Eugênio Soares Mascarenhas é conhecido em Paracatu, cidade mineira na divisa com Goiás, como “Eugênio da Rapadura”. E é com este nome que ele irá às eleições como candidato a vereador da cidade de 87 mil habitantes neste domingo (15). Outras duas coisas que ele levará às urnas são o fato de seu nome estar entre os beneficiários do auxilio emergencial do governo federal, e o Tribunal de Contas da União (TCU) apontar que ele possui cerca de R$ 1,5 bilhão em patrimônio.
O nome de Eugênio da Rapadura encabeça uma lista de 10.690 nomes que receberam o auxílio emergencial e que teriam patrimônio superior a R$ 300 mil – o que os tornaria impossibilitados de receber o benefício, de acordo com a Medida Provisória 1.000/2020. O que mais assustou o agricultor é que seu nome ainda esteja no topo da lista, com o patrimônio de 10 dígitos.
Quando a reportagem o contatou, Eugênio havia acabado de sair da agência da Caixa, onde descobriu ser dono de um dinheiro inesperado. “Fiquei até surpreendido que havia lá um valor de R$ 1.800 para que eu sacasse”, disse o candidato, referindo-se às três parcelas do auxílio emergencial.
Ele disse não ter pedido o auxílio, nem acreditar que tenha direito. “Eu sou um trabalhador, tenho nota fiscal das rapaduras que eu entrego. Eu não teria direito a esse auxílio”, afirmou.
Outros casos
Análise feita pelo Congresso em Foco mostra que, dos 25 candidatos com a maior fortuna apresentada pelo TCU, ao menos 24 têm bens muito acima de qualquer expectativa, o que poderia apontar erros dos dados cadastrados no sistema.
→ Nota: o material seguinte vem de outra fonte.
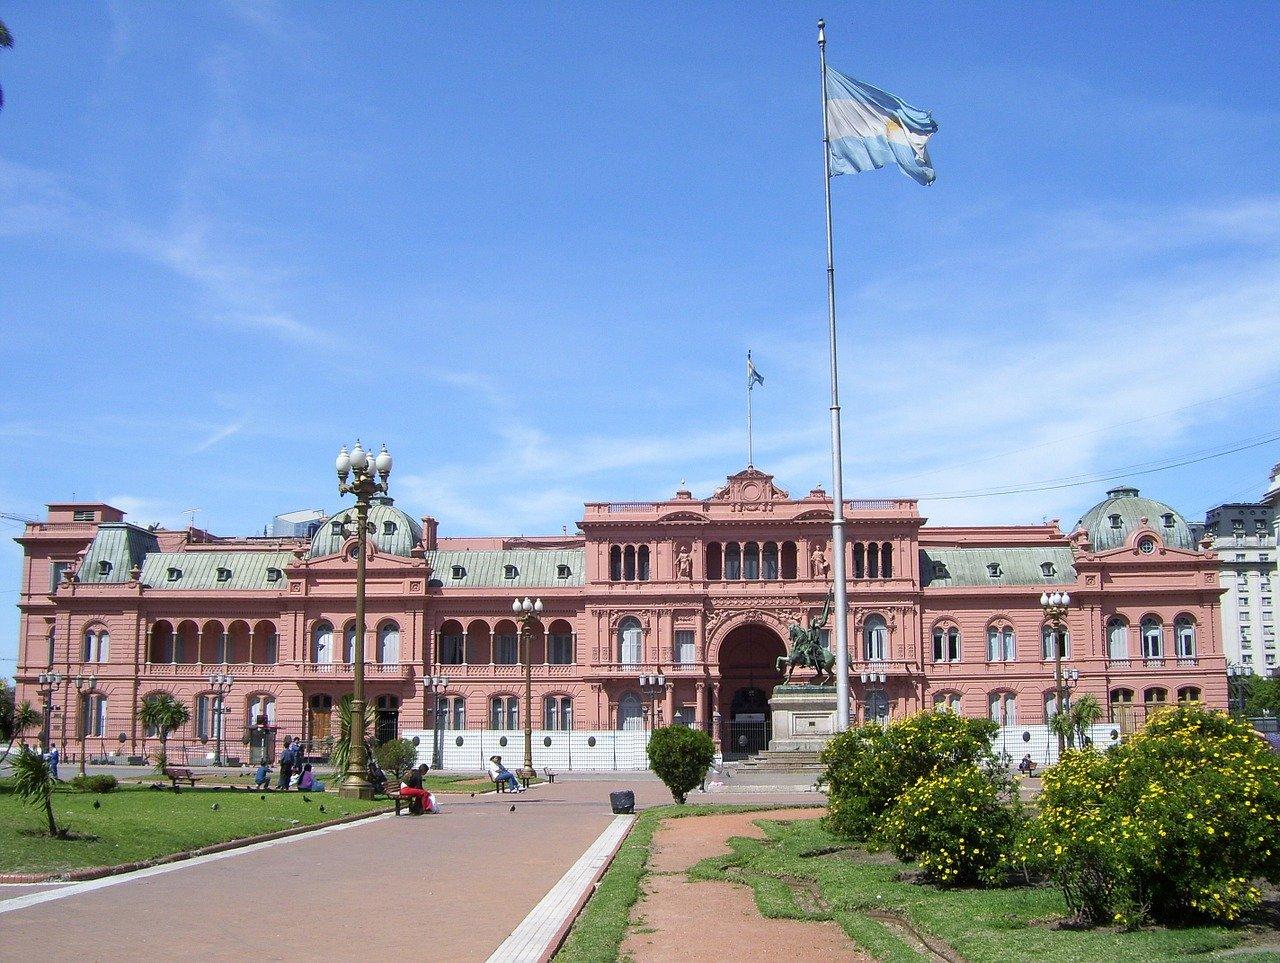 Buenos Aires na primavera

O próprio TCU reconhece que a lista é um fruto de cruzamento de dados, e que poderia estar sujeita a falhas.
“Não se pode olvidar, contudo, o risco de erro de preenchimento de informações por parte dos candidatos, bem como de fraudes estruturadas com dados de terceiros”, escreveu o ministro Bruno Dantas no despacho que produziu sobre o tema. Segundo o documento, apenas o Ministério da Cidadania pode confirmar se o pagamento é indevido. E apenas o Tribunal Superior Eleitoral (TSE) teria o poder de avaliar se houve eventual crime eleitoral.
O TSE definiu o documento do TCU como um ” relevante trabalho institucional realizado a partir de informações públicas e que poderão auxiliar o Ministério da Cidadania na depuração do programa do auxílio emergencial”. O tribunal superior disse que a Justiça Eleitoral poderá utilizar o resultado do estudo “como uma informação de inteligência por ocasião do exame e julgamento da prestação de contas dos candidatos, de modo a identificar irregularidades no uso de recursos próprios dos candidatos em campanha.”
O Ministério Público Federal (MPF), que poderia mover ações na esfera eleitoral com base nos cruzamentos do TCU, não respondeu se assim o fará. O espaço permanece aberto para manifestações.